100.[sup]6[/sup] (v. 43-47) “And if your hand causes you to sin, cut it off. It is better for you to enter life crippled than with two hands to go to hell, to the unquenchable fire. And if your foot causes you to sin, cut it off. It is better for you to enter life lame than with two feet to be thrown into hell. And if your eye causes you to sin, tear it out. It is better for you to enter the kingdom of God with one eye than with two eyes to be thrown into hell.”

(Parallel: Matthew 18:8-9 (180.6))

101.[sup]10[/sup] (v. 48-49) “‘Where their worm does not die and the fire is not quenched.’ For everyone will be salted with fire.”

(Parallel: No parallel)

102.[sup]2[/sup] (v. 50) “Salt is good, but if the salt has lost its saltiness, how will you make it salty again? Have salt in yourselves, and be at peace with one another.”

(Parallel: Matthew 5:13 (31.2); Luke 14:34-35 (185.2))

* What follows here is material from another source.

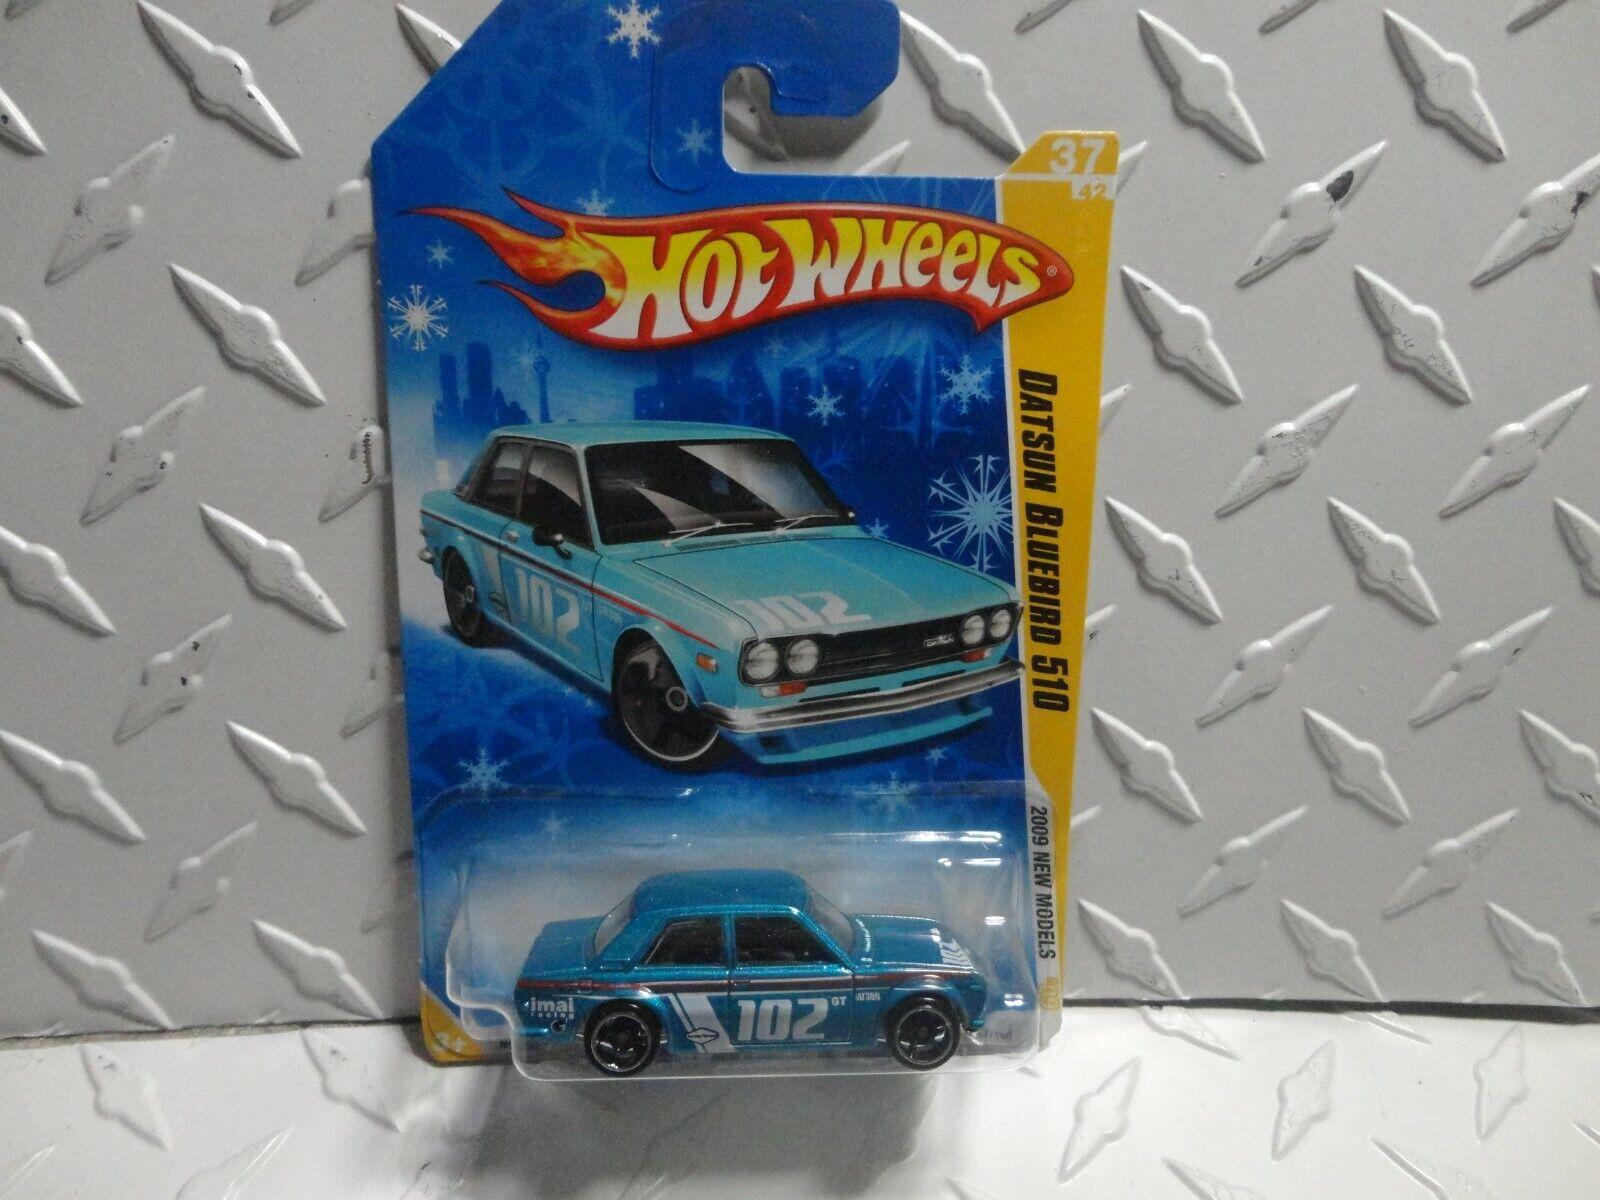 2009 Hot Wheels bluee Datsun blueebird 510 on Snowflake Card in Predecto

Canon 101 (containing verse 48-49) is listed as belonging to Table 10: sections which have no parallels in the other gospels. The preceding verses (Canon 100) are linked with their Matthaean parallel (18:8-9). Had Eusebius known of verses 44 and 46 he would have also given them their own separate canons.

It had been suggested that verses 44 and 46 were deliberately added to make the passage - which is somewhat semi-liturgical and incantatory - symmetric and better memorable by repetition. (In the Byzantine lectionary, Mark 9:42-10:1 was - and still is - the reading for the Monday of the Thirty-First Week after Pentecost.)